Book Club: Why trains, not electric cars, will save the world
An extract from Gareth Dennis’ How the Railways Will Fix the Future. Plus that exciting announcement I’ve been trailing.
Before we get to this month’s book extract, I promised you guys an exciting announcement. On Thursday, Foyles announced the shortlist for its 2024 Book of the Year. And in a slightly surreal turn of events, my book, A History of the World in 47 Borders: The Stories Behind the Lines On Our Maps was on it.
That seems strange and unlikely enough, but it actually gets slightly weirder. In years gone by, the iconic booksellers on London’s Charing Cross Road has run three different Book of the Year lists, for fiction, non-fiction and children’s books. This year, though, it’s just the one.
Which means I will be slugging it out with the latest from Sally Rooney, a translated novel from Olga Tokarczuk who is a literal Nobel Prize winner, a collection of anonymous sexual fantasies from women around the world edited by Gillain Anderson off The X-Files and so on… but not one other non-fiction title.
This is not something I ever expected to happen. But bloody hell I’m delighted by it.
If you are London-based and would like to hear me talk about the book, then come to Backstory in Balham on 20 November. If you’d like me to sign a book in the presence of a lot of other authors and also mulled wine, you can come to Foyles on 28 November.
Right, that’s quite enough of me. Now it’s over to the rail engineer and writer Gareth Dennis for our feature presentation…
The case against electric cars
At the start of October, the Resolution Foundation released a report called “Getting the green light” that made bold claims about the inability of public transport to help reduce our greenhouse gas emissions, and argued that we needed to prioritise a shift to electric cars above all else.

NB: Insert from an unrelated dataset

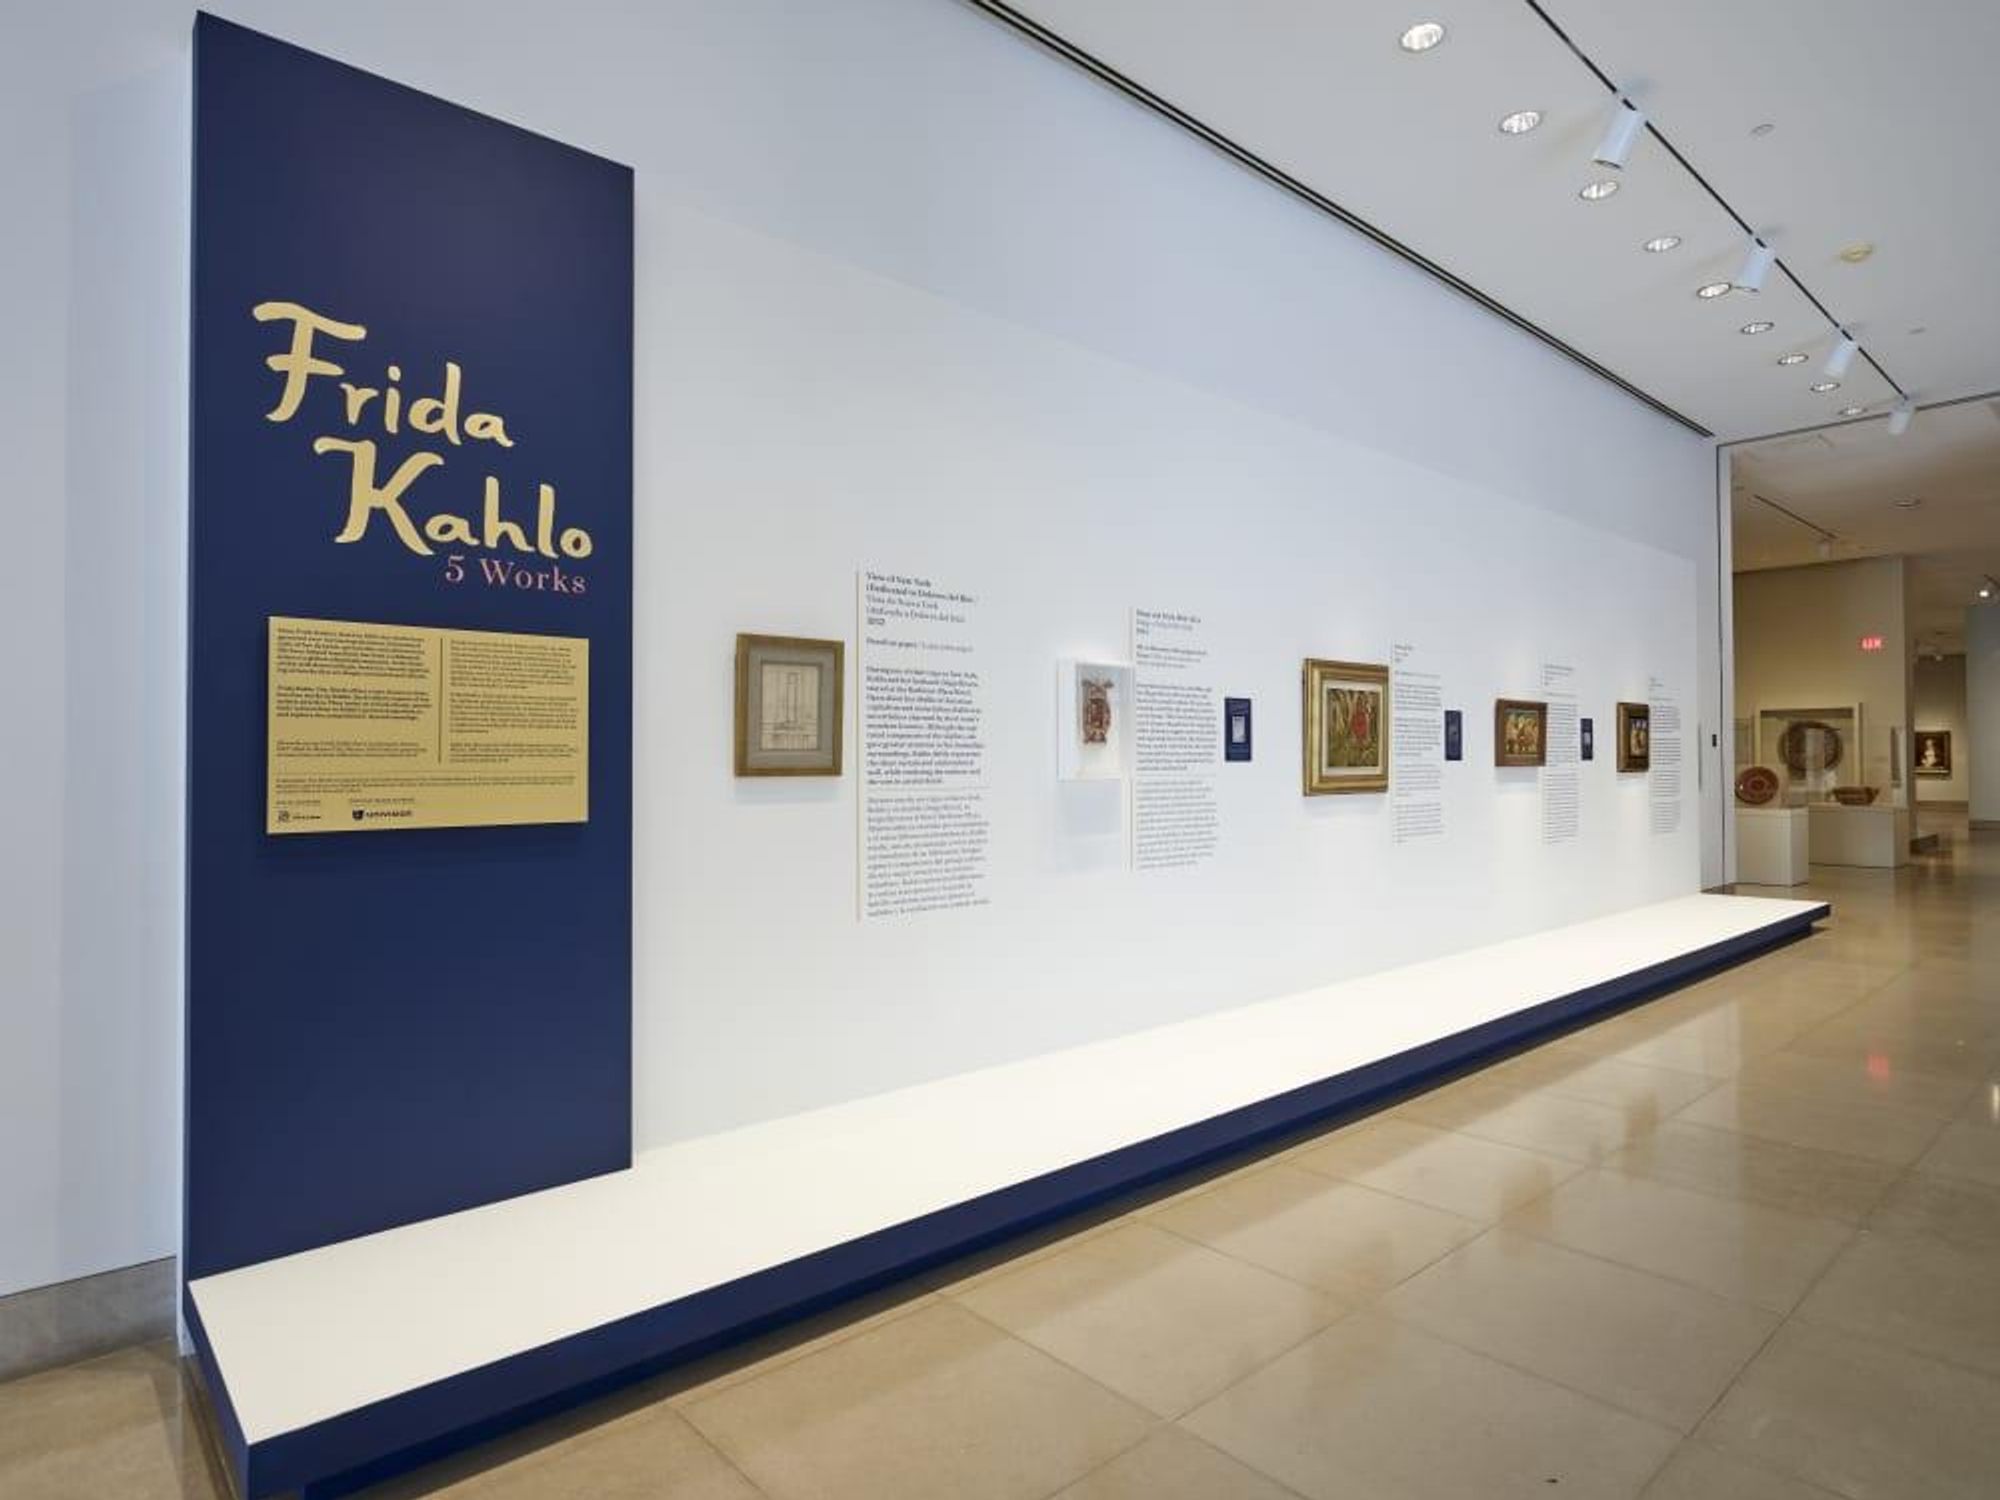 "Frida Kahlo: Five Works" at DMA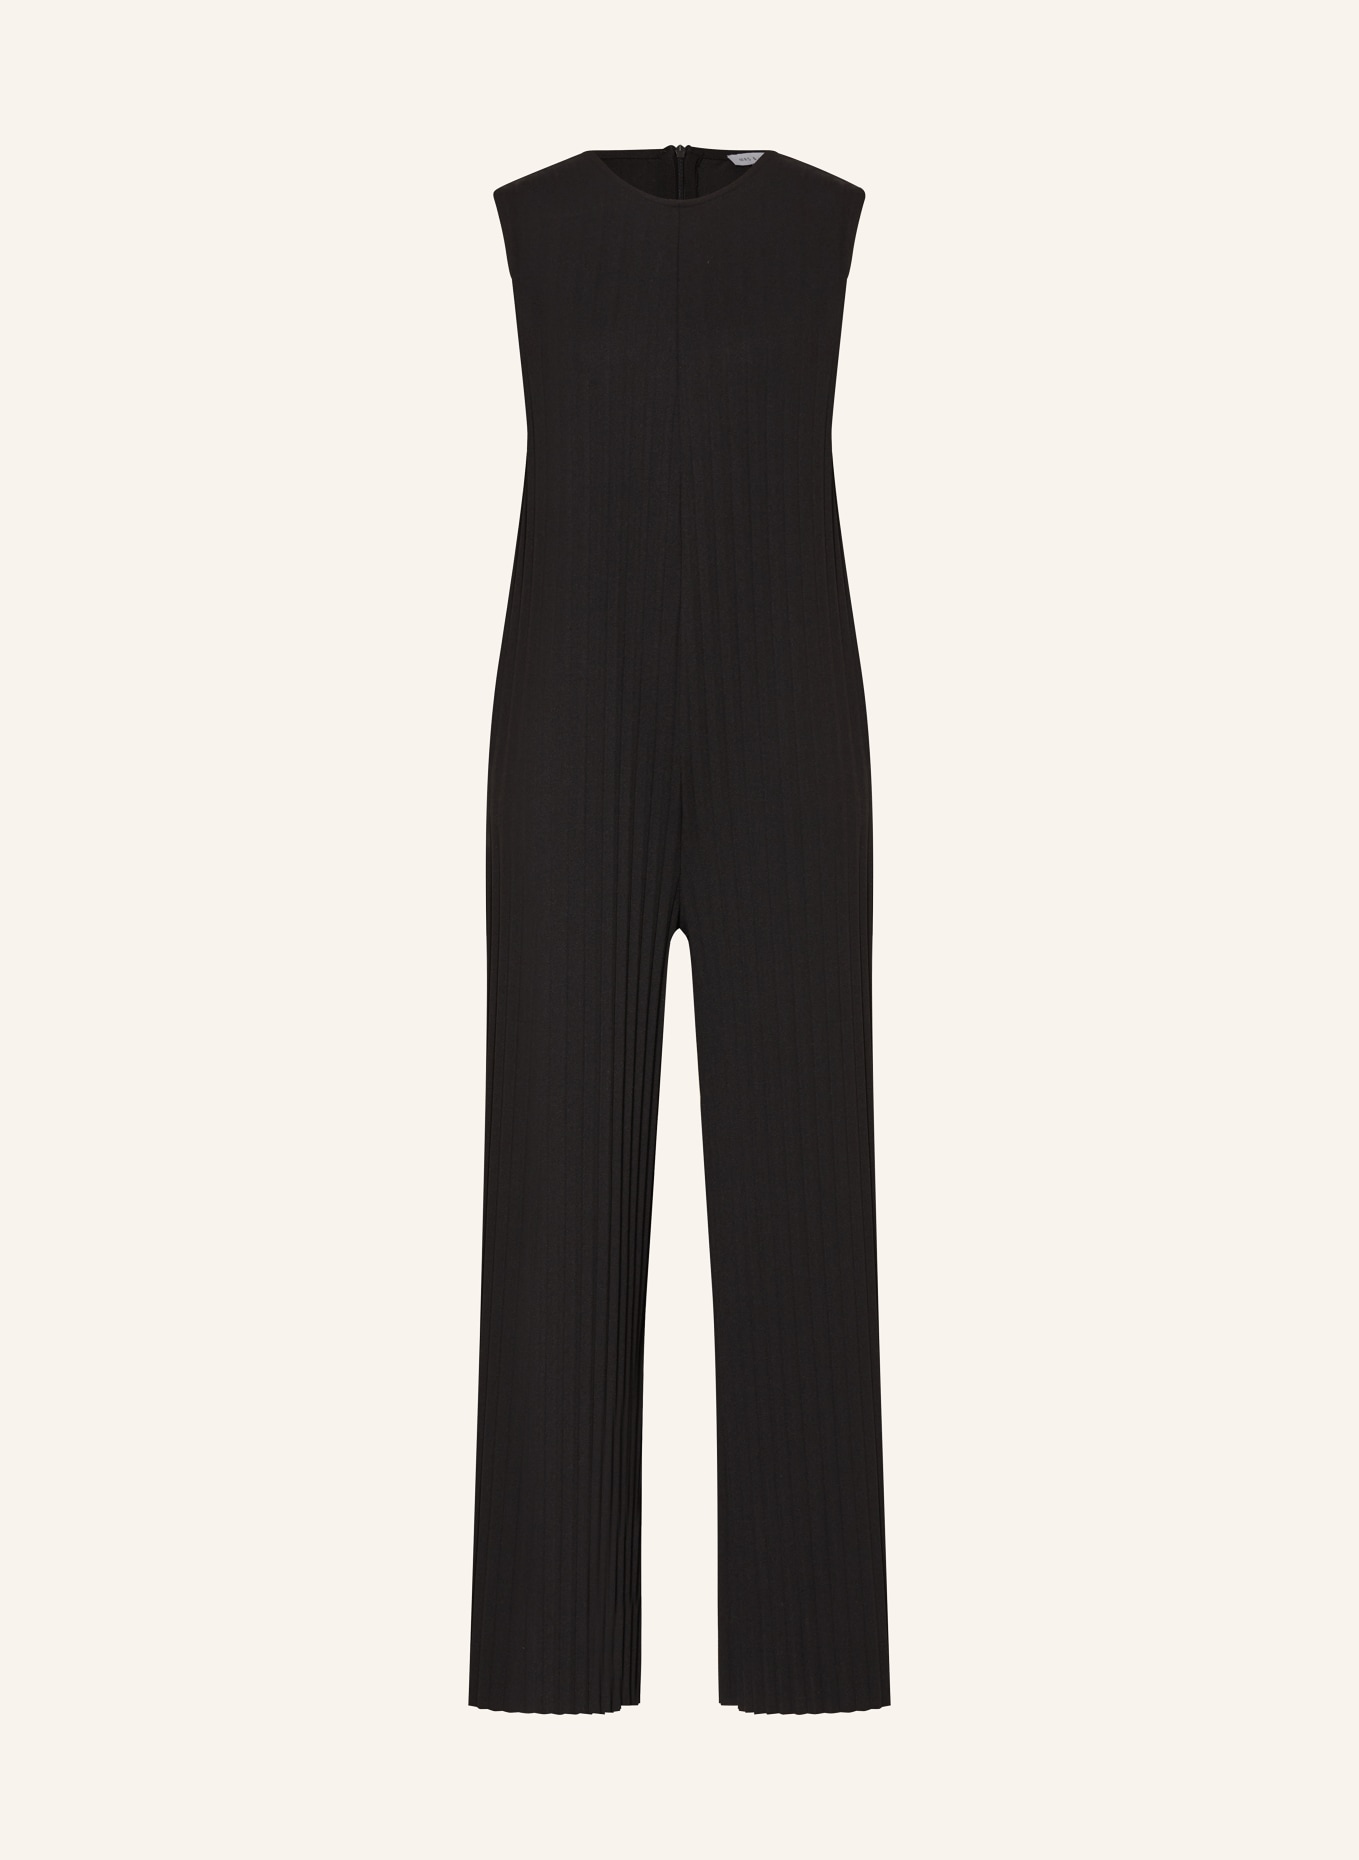 MRS & HUGS Jumpsuit mit Plissees, Farbe: SCHWARZ (Bild 1)

The report couldn’t have been more devoid of vision or aspiration. It ignores essentially all of the problems with retaining the status quo of cars being the dominant mode of passenger travel nationally. It was entirely incurious about how we could do things better. It is difficult to conclude that it wasn’t written by people with an extremely limited understanding of mobility and its impact on society.

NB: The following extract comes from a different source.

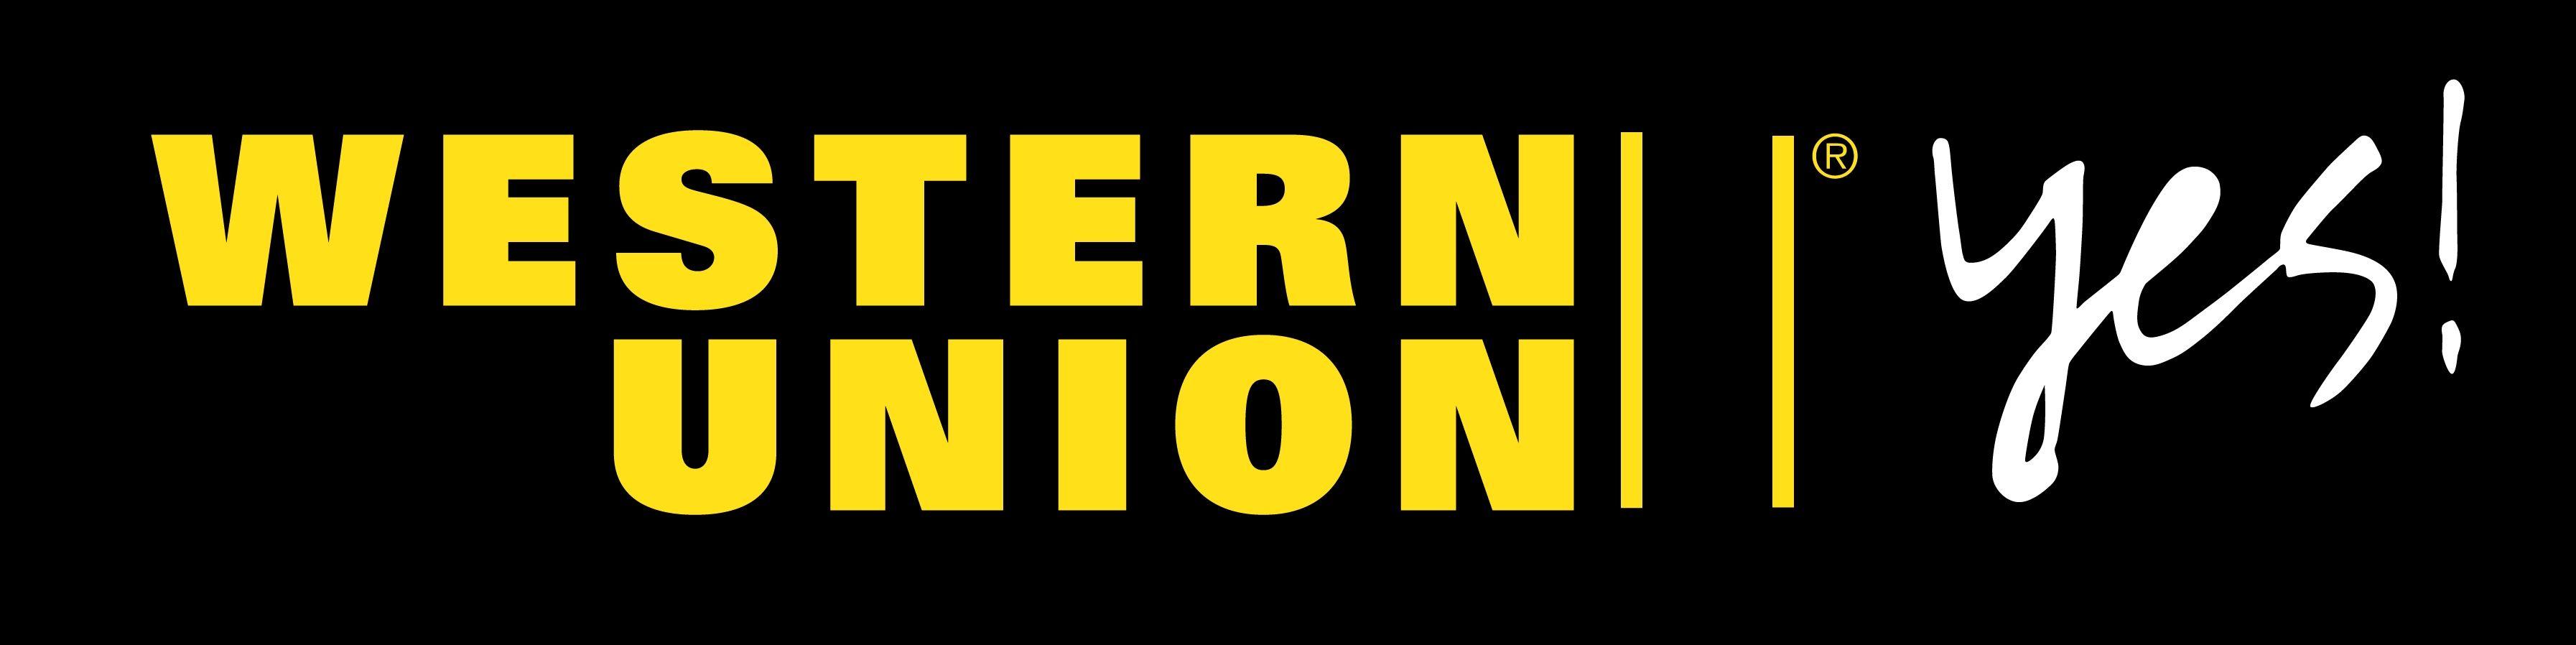 Union Yes Logo - Western union Logos

Thankfully for them, I’ve got a book out in November that can help fill in the gaps for them, and Jonn has very kindly let me reproduce a bit of it here. If you want to know why we cannot just swap petrol and diesel for electric cars and call it “job well done” then this abridged extract from How the Railways Will Fix the Future: Rediscovering the Essential Brilliance of the Iron Road should paint a useful picture...
In the 1960s – barely three decades after extreme lobbying from the petrochemical and automotive industries had changed our language, our streets and our attitude towards mass death (not least of children), all on the altar of the motor car – across the motorised world it was realised that the reshaping of our society in favour of private transport led only to the total flattening of our urban realm, and of the rural realm beyond it.
Today, road collisions account for well over a million deaths a year, and are the leading cause of death globally for children and young adults (those between the ages of five and thirty). As many as fifty million people are injured. While deaths of those inside vehicles are on average reducing, the number of deaths and severe injuries of vulnerable road users such as pedestrians and cyclists is increasing. Road deaths are an epidemic that we have accepted as part of modern society, and it is absolutely appalling. And if we are to accommodate reductions in carbon emissions and increases in mobility mostly through the expansion in our use of private vehicles, whether battery powered or not, then the number of fatalities is going to increase. There is, at best, a paucity of evidence to support claims that driver aids will limit this rise, not least as these are fitted only to the most expensive cars, inaccessible to the majority of drivers.
Further, air quality in many cities continues to worsen, even with the proliferation of electric vehicles. The largest source of microplastics in the atmosphere and ocean is car tyres, and this is only going to increase as cars get heavier to accommodate batteries and larger to meet the profit demands of the automotive industry.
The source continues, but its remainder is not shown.